What Danjuma may not realise is that already, there is a school of thought that the proliferation of illegal sophisticated arms in the hands of ethnic and sectarian militants and warlords is partly the result of direct sponsorship of people who may have used their vantage positions in the public space to equip thugs to advance the pursuit of their personal, regional or ethnic interests in the national contest for political pre-eminence. Therefore, the solution to systemic anarchy can never be to endorse and universalise anarchy.
As a newspaper, we have always advocated a restructuring of the country not in line with the argument of ethnic warlords but rather in a bid to have a system that works for all. For instance, there is an urgent need to strengthen the coercive power of the federal government while recognising the right of component states to limited self-determination without armed threat to the nation. A desirable devolution of powers from federal pre-eminence to stronger component state centres must increase the powers of the latter over policing and internal security responsibilities with a more limited level of lethal armament than the federal force which must continue to be the unquestioned guarantor of our national security.
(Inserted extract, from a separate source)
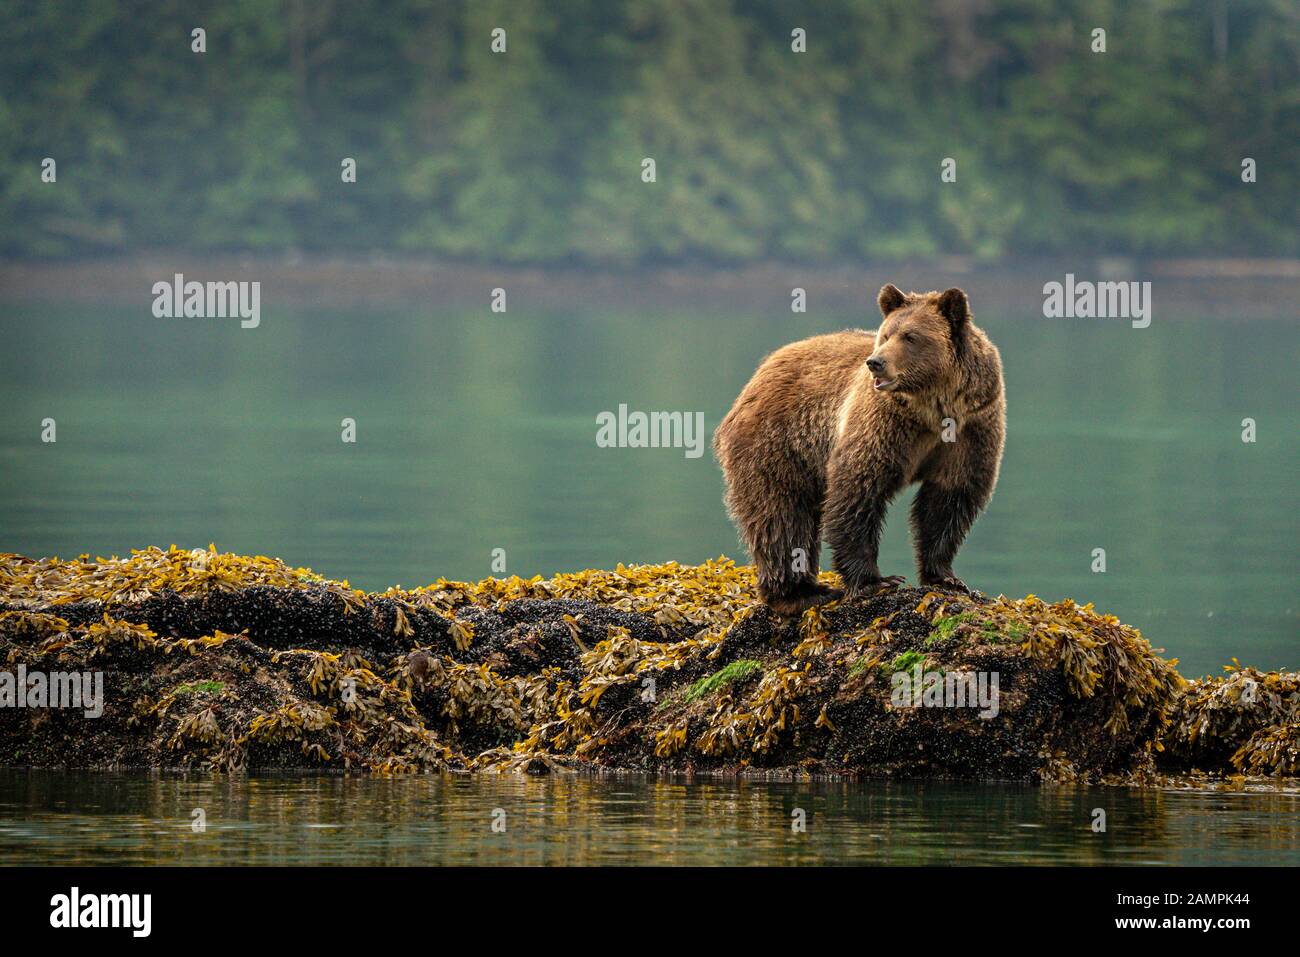 El oso Grizzly foraging en mejillones a lo largo de la línea de marea baja en Knight Inlet, First Nations Territory, British Columbia, Canadá. Foto de stock
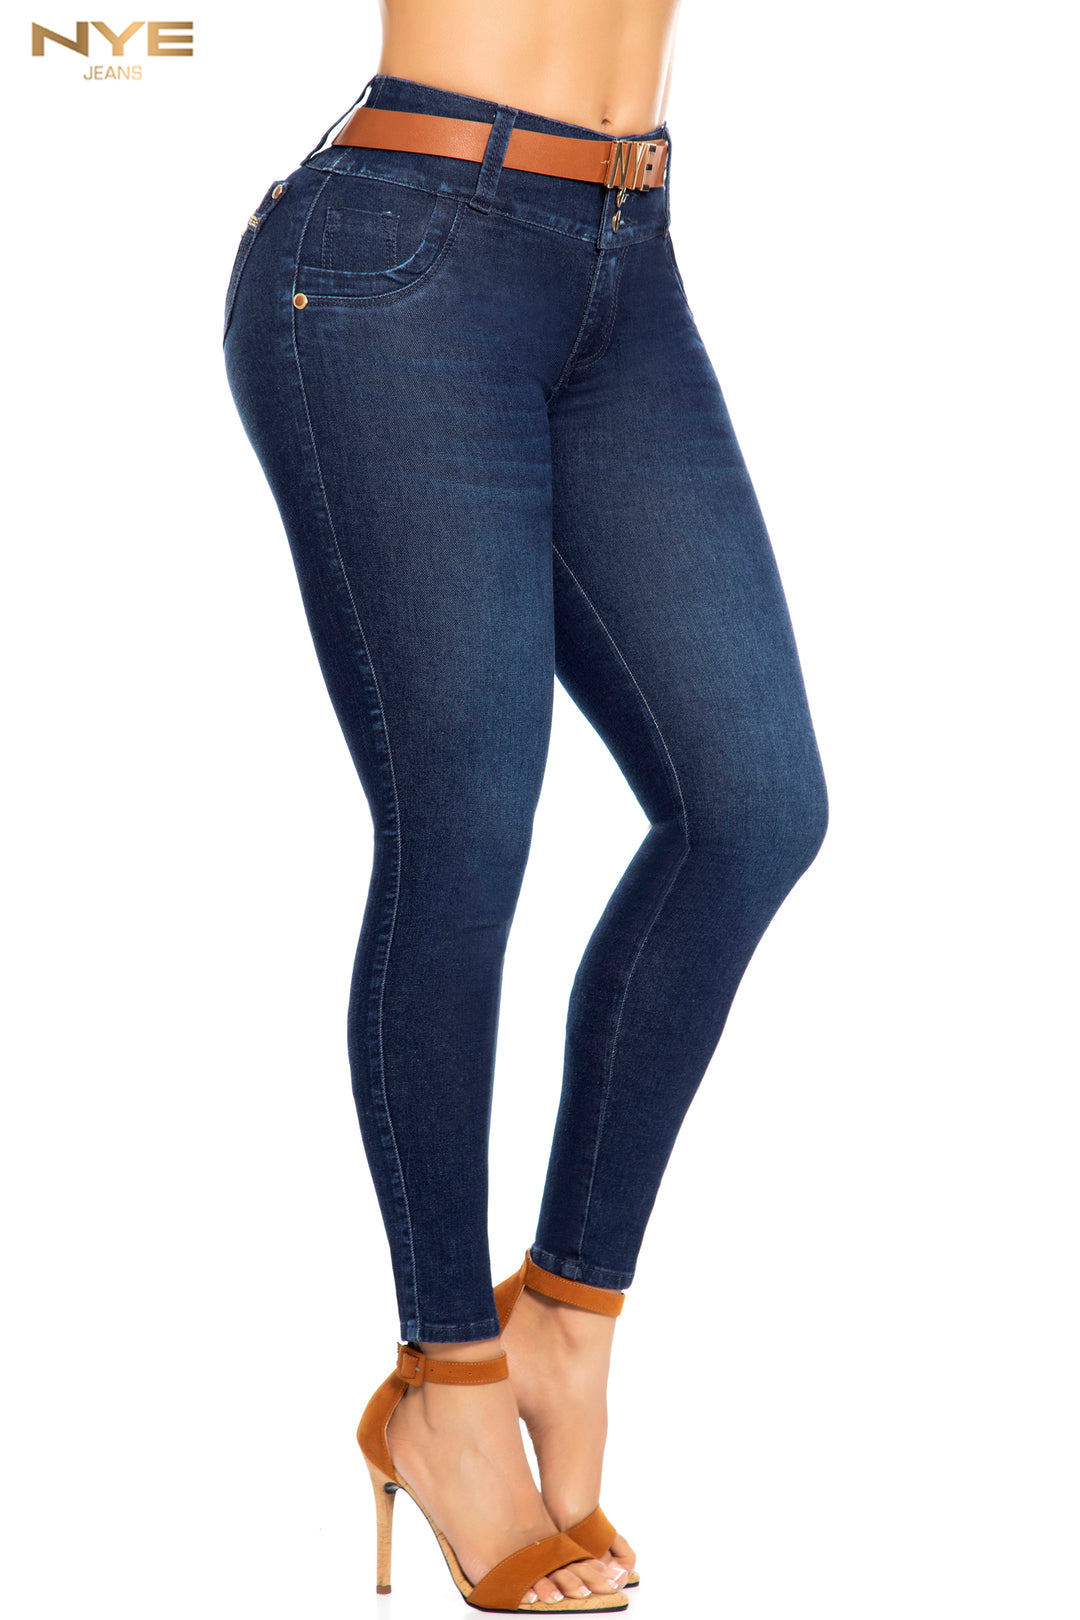 El Vaquero Push Up Ref 64049 es un clásico pantalón azul que cuenta con bolsillos traseros y una pretina anatómica de tres botones. Ofrece un ajuste perfecto y realza la figura. Ideal para un look casual pero elegante. ¡Siéntete cómodo y con estilo con este pantalón!

Democratising ownership and usage of arms even for self-defence purposes will worsen the country’s security challenges. With weak institutions in a society that lacks a culture of gun ownership, it may be a formula for anarchy. However, it is not enough to say that Danjuma is wrong. The sentiment driving his advocacy is shared by many Nigerians in an environment of escalating insecurity and a widely held perception that government is not an impartial arbiter in the management of both the nation’s diversity and the security challenges. We therefore urge President Muhammadu Buhari to demonstrate balance and fairness in handling security-related issues.